The definition neatly catches the Trouble Shooters
style of arrangement. It is also likely to catch a
variety of other arrangements depending how broadly
the word "services" and the phrase "Collateral Arrangement"
are interpreted in this context. It is not likely to
catch the variety of commercial arrangements, some
far removed from the employment context, which have
been held to be within the purview of the New South
Wales Act.
- 3. Review on What Basis?
Once the above conditions are satisfied, an application
may be made to the Commission to review a contract
on any or all of the following grounds:
- (a) The contract is unfair;
- (b) The contract is harsh;
- (c) The contract is against the public interest.
We have already looked at the types of matters which
the Court may take into account in reaching this decision.
- 4. What Can the Commission Do?
If one of the grounds stated is made out in an application
then the Commission's powers are as provided for in
section 127B.
The Commission may set aside the whole of the contract
(or the part of the contract affected), or vary the
contract. The Commission must record whether its decision
relates to the whole or a specified part of the contract
(sub-section 127A(5)).
Significantly, the Commission has no power to order
monetary compensation. In an early version of the
amending bill a provision was proposed which empowered
the Commission to make "any other orders in respect
of the contractual relationship between the parties
to the contract," including, one assumes, the power
to make money orders, but that provision never passed
into law.
The Queensland and New South Wales legislation have
such powers, and Mr Gibbs' case provides an example
of their use.
- 5. Two Points to Remember
There are two further points to make to complete this
overview of the new Federal provisions.
First, an order of the Commission (setting aside or
varying the contract) may only be made for the purpose
of placing the parties to the contract as nearly as
practicable on the footing they would have been on
if the ground on which the Commission's opinion that
the contract should be reviewed no longer applied.
The exact effect of this interestingly worded rider
to the Commission's power will no doubt be explored
early in the case law that develops around these provisions.
Presumably it means that if, for example, the finding
is that the contract breaches the public interest,
the Commission will have to decide what is the minimum
variation which can be made which will address this
problem.
Second, one must wonder whether the Federal Commission
will see its powers as being as extensive as the New
South Wales Commission and Court have considered their
powers to be. In this regard, the issue of the meaning
of the phrase "relating to the business of a corporation"
was discussed in the TWU case.
Munro J said that the words "relating to":
- ...given their ordinary meaning, may demand no more
than that a 'relevant nexus' exists between the contract
and the business of a corporation. However given the
constitutional limits on the use of corporations power
to impose duties on non-corporate persons, in the absence
of a suggestion that any other head of power justifies
s 127C(l)(b), it is necessary to construe the paragraph
in a manner consistent with its validity.

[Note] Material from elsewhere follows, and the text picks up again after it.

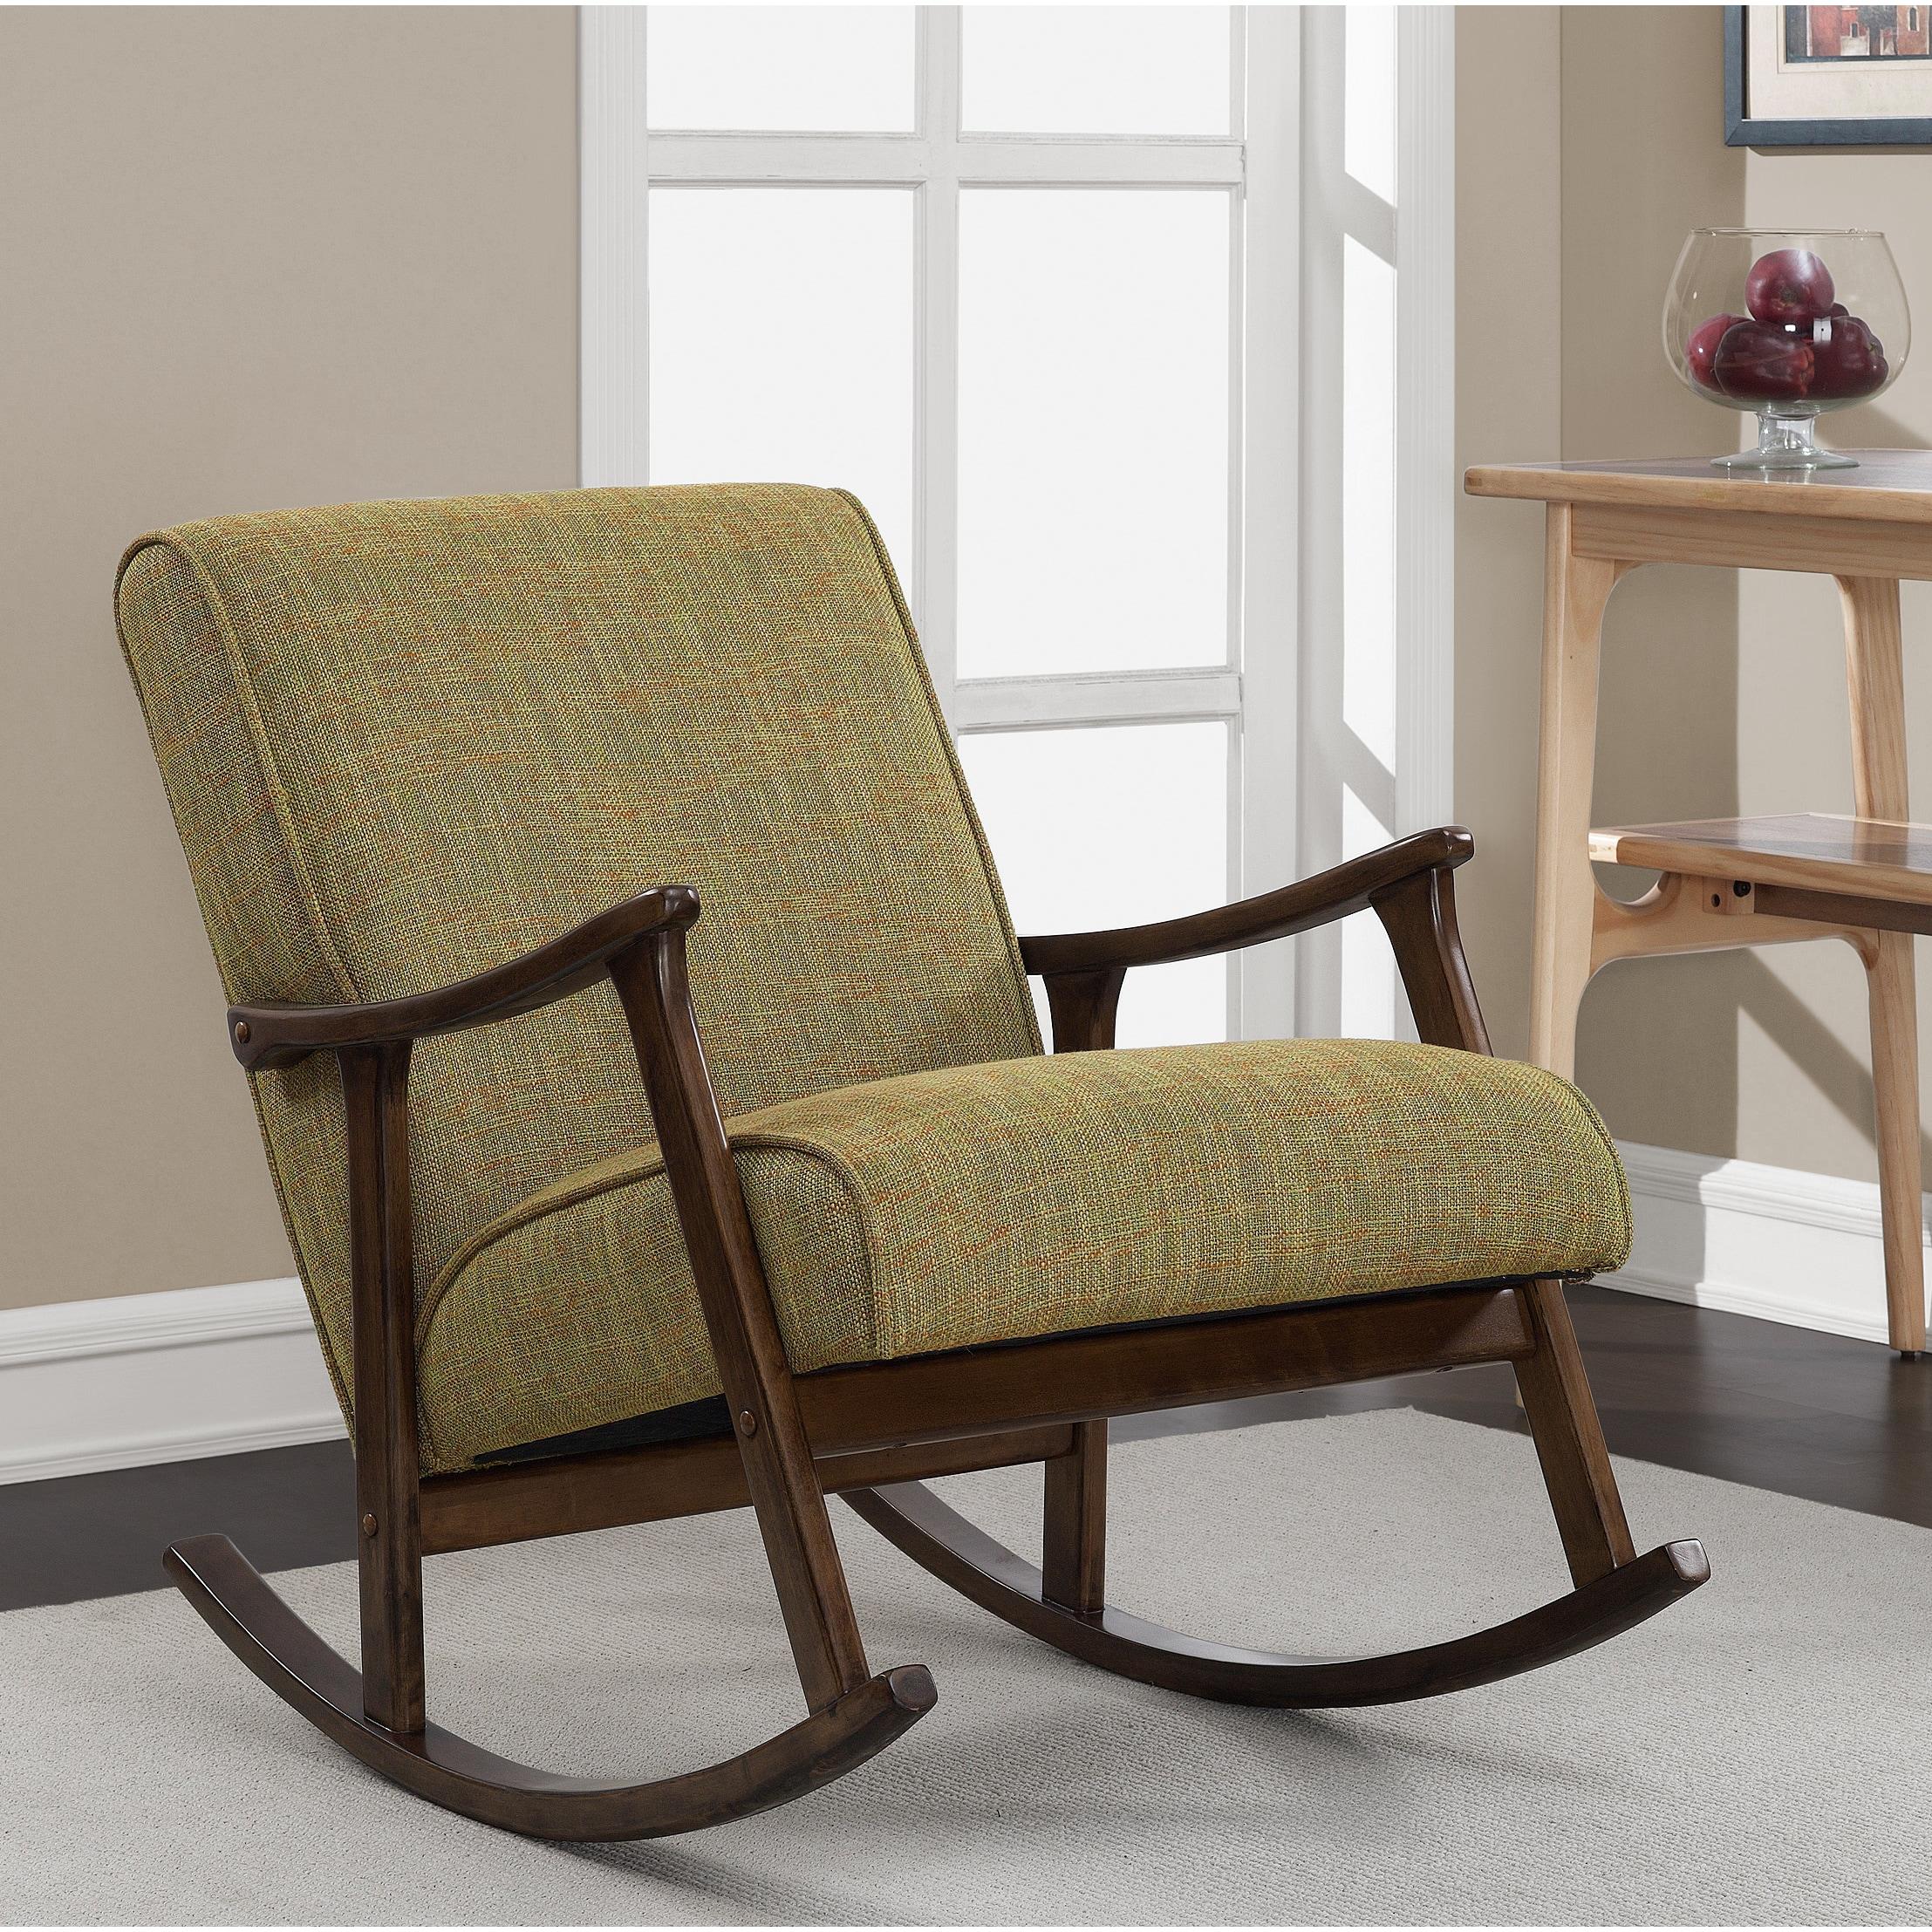 Mid Century Green Wooden Rocking Chair (Retro Wooden Rock...

- That obligation leads me to conclude that the words
should be construed to require a higher and less elastic
degree of relevant nexus or basic connection between
the contract and the business of a corporation than
might be the case if the ordinary meaning of the words
alone were to be considered.
He went on:
- ...Section 127C(l)(b) will need to be read down to
limit the contracts for service made subject to the
regime of ss 127A and 127B. In my view the corporations
power may authorise commission jurisdiction only over
contracts falling within a class appropriate to be
controlled in order to make effective the control
directly imposed in respect of similar contracts entered
into by corporations with independent contractors.
That requirement would appear to be satisfied if the
contract subject to review directly relates to the
business of the corporation in the sense of having
a basic or relevant connection with it. I consider
it is likely to have such a relationship if it is a
contract for the performance of work for the purposes
of the trading activities of the corporation, including
probably the related business activities.4
The word "arrangement" has been given an expansive
meaning in other contexts.
In the context of the Trade Practices Act Justice
Smithers adopted the following passage:
- The word 'arrangement' is apt to describe something
less than a binding contract or agreement, something
in the nature of an understanding between two or more
persons ¾ a plan arranged between them which may not
be enforceable at law.5
There are numerous other comments to like effect.6
First, it is worth mentioning that, while an application
is pending, the Commission may make an interim order
if it thinks it is desirable to do so to preserve the
position of a party to the contract. In view of the
length of time involved in any hearing, this in itself
is a significant power.
An Examination of Some Reported Decisions
- in Baker v. Surfers Paradise Golf Club Ltd,7
a golf professional requested that his service agreement
with the Golf Club be varied ab initio, and
further that a related lease over the pro shop be declared
void. It was alleged that he was acting under coercion
in accepting variations of the service agreement, and
that he had been "deviously lured" into the related
lease. The complaints of the professional were essentially
based around an allegation that he was coerced into
accepting a reduction in his commission while at the
same time an increase in his workload and responsibility.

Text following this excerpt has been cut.